Observability¶
cogcache ships with first-class observability via MetricsCollector —
a thread-safe, bounded event aggregator with pluggable sinks.
JSON snapshot¶
from cogcache import CogniCache, MetricsCollector
metrics = MetricsCollector(history_size=10_000)
cache = CogniCache(similarity_threshold=0.92, metrics=metrics)
# ... handle traffic ...
print(metrics.snapshot())
{
"total": 1247,
"hits": 542,
"misses": 705,
"hit_rate": 0.4348,
"tokens_saved": 162600,
"tokens_used": 211500,
"token_savings_ratio": 0.4348,
"latency_ms": {
"all": { "p50": 1200.0, "p95": 6800.0, "p99": 9100.0 },
"hit": { "p50": 0.8, "p95": 1.4, "p99": 2.1 },
"miss": { "p50": 3200.0, "p95": 7100.0, "p99": 9300.0 }
},
"window_size": 1247,
"since": 1735678900.123
}
The collector keeps a bounded ring buffer (deque(maxlen=history_size))
so memory doesn't grow unbounded under load.
Prometheus¶
from cogcache import CogniCache, MetricsCollector
from cogcache.metrics.prometheus import PrometheusSink
metrics = MetricsCollector()
prom = PrometheusSink() # creates its own CollectorRegistry
metrics.attach(prom)
cache = CogniCache(metrics=metrics)
Then expose the metrics in your web framework:
Exported metric names¶
| Metric | Type | Labels |
|---|---|---|
cogcache_queries_total |
Counter | cache_hit, route, intent |
cogcache_query_latency_seconds |
Histogram | cache_hit |
cogcache_tokens_total |
Counter | kind (saved, used) |
cogcache_quality_score |
Gauge | — |
Recommended Grafana panels¶
# Hit rate (rolling 5min)
sum(rate(cogcache_queries_total{cache_hit="true"}[5m]))
/
sum(rate(cogcache_queries_total[5m]))
# P99 latency by hit/miss
histogram_quantile(0.99,
sum(rate(cogcache_query_latency_seconds_bucket[5m]))
by (cache_hit, le)
)
# Tokens saved per second
rate(cogcache_tokens_total{kind="saved"}[1m])
# Cumulative cost savings (assuming $X per 1K tokens)
increase(cogcache_tokens_total{kind="saved"}[24h]) * 0.0002 / 1000
Alert rules¶
groups:
- name: cogcache
rules:
- alert: CogCacheHitRateLow
expr: |
(sum(rate(cogcache_queries_total{cache_hit="true"}[5m])) /
sum(rate(cogcache_queries_total[5m]))) < 0.10
for: 30m
annotations:
summary: "Hit rate dropped below 10% — threshold may be too strict"

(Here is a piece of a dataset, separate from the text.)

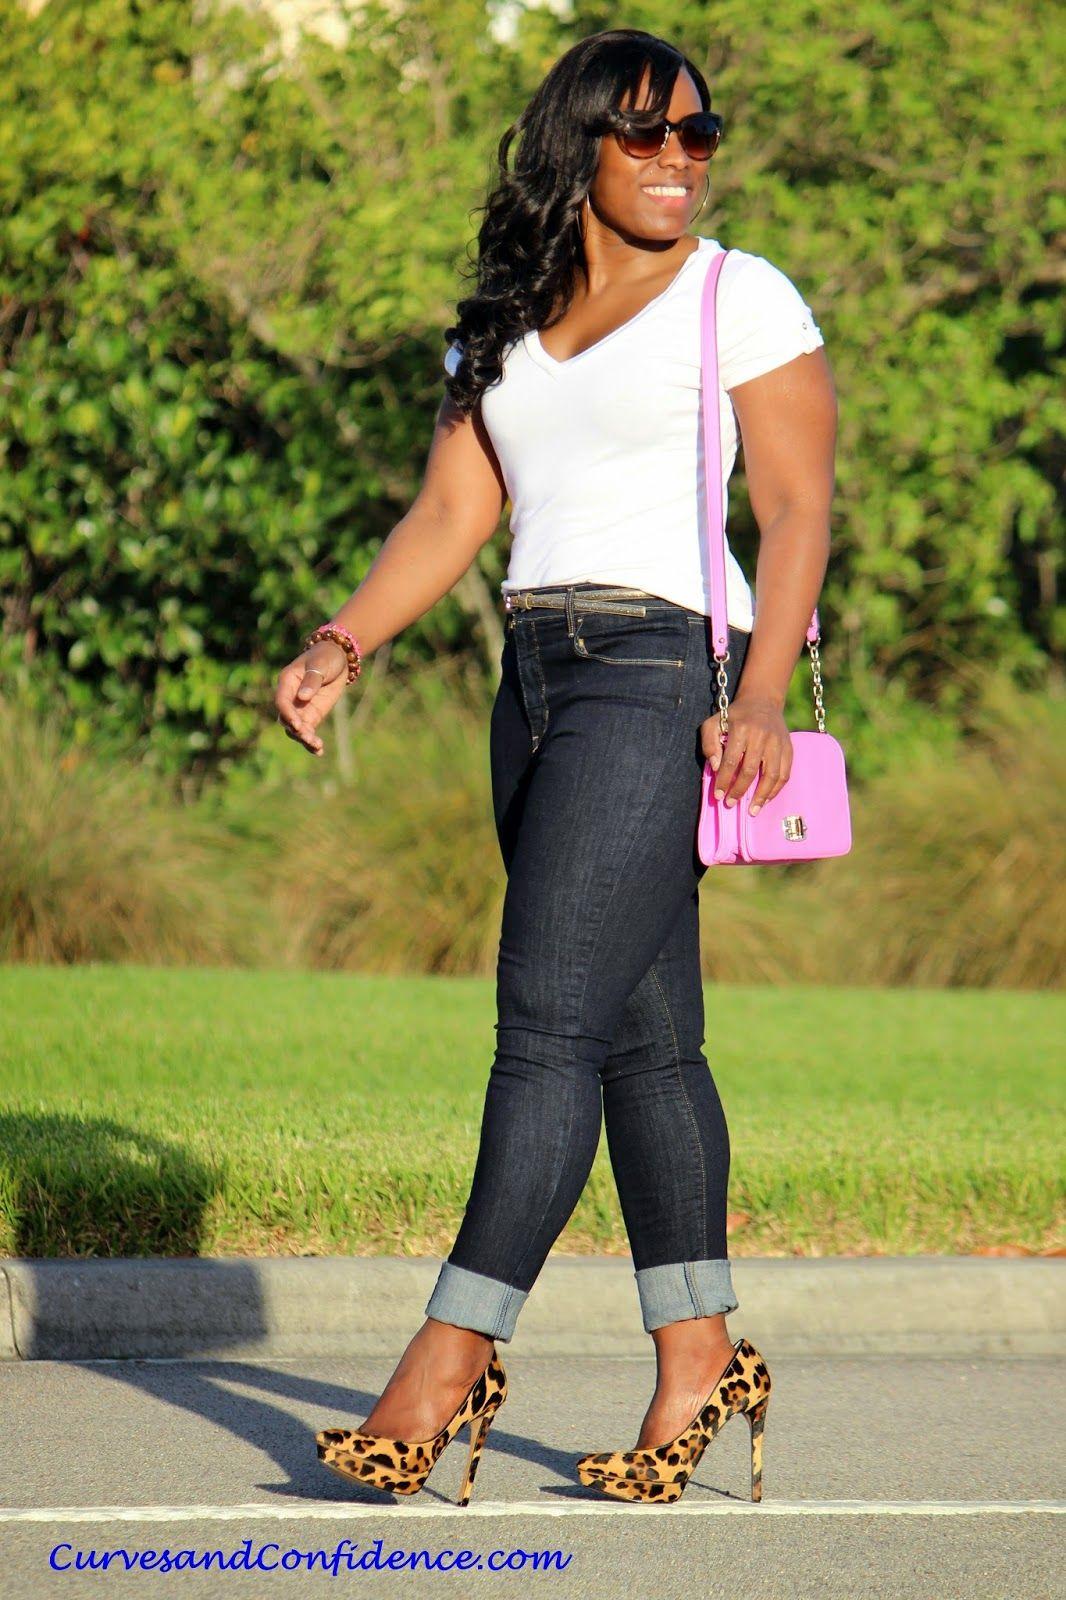 Weekend Wear: High-Waist Jeans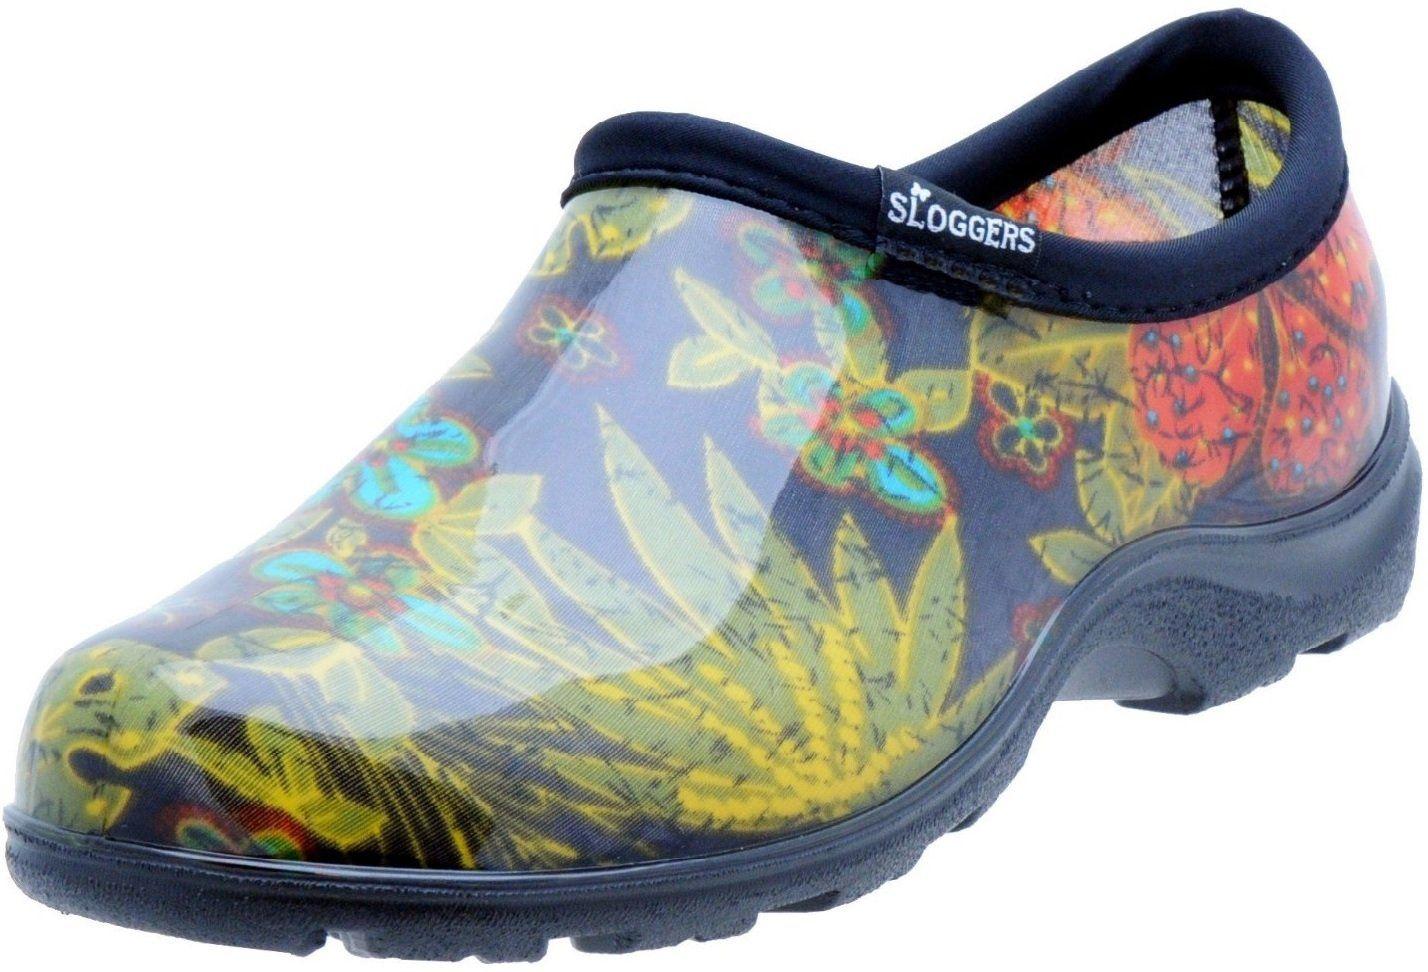 Sloggers 5102bk10 Women S Garden Shoes Midsummer Black Size 10

- alert: CogCacheHitLatencyHigh
expr: |
histogram_quantile(0.99,
sum(rate(cogcache_query_latency_seconds_bucket{cache_hit="true"}[5m]))
by (le)
) > 0.05
for: 10m
annotations:
summary: "P99 hit latency exceeds 50ms — embedding may be the bottleneck"
Custom sinks¶
Implement the MetricsSink ABC to push events to InfluxDB, Datadog,
CloudWatch, etc:
from cogcache.metrics import MetricsSink, QueryEvent
class InfluxSink(MetricsSink):
def __init__(self, client):
self._client = client
def record_query(self, event: QueryEvent) -> None:
self._client.write_point({
"measurement": "cogcache_query",
"tags": {
"cache_hit": event.cache_hit,
"route": event.route,
"intent": event.intent,
},
"fields": {
"latency_ms": event.latency_ms,
"tokens_saved": event.tokens_saved,
"quality_score": event.quality_score,
},
"time": event.timestamp,
})
metrics.attach(InfluxSink(my_influx_client))
A crashing sink does not break event recording — its exception is caught and logged, other sinks still receive the event.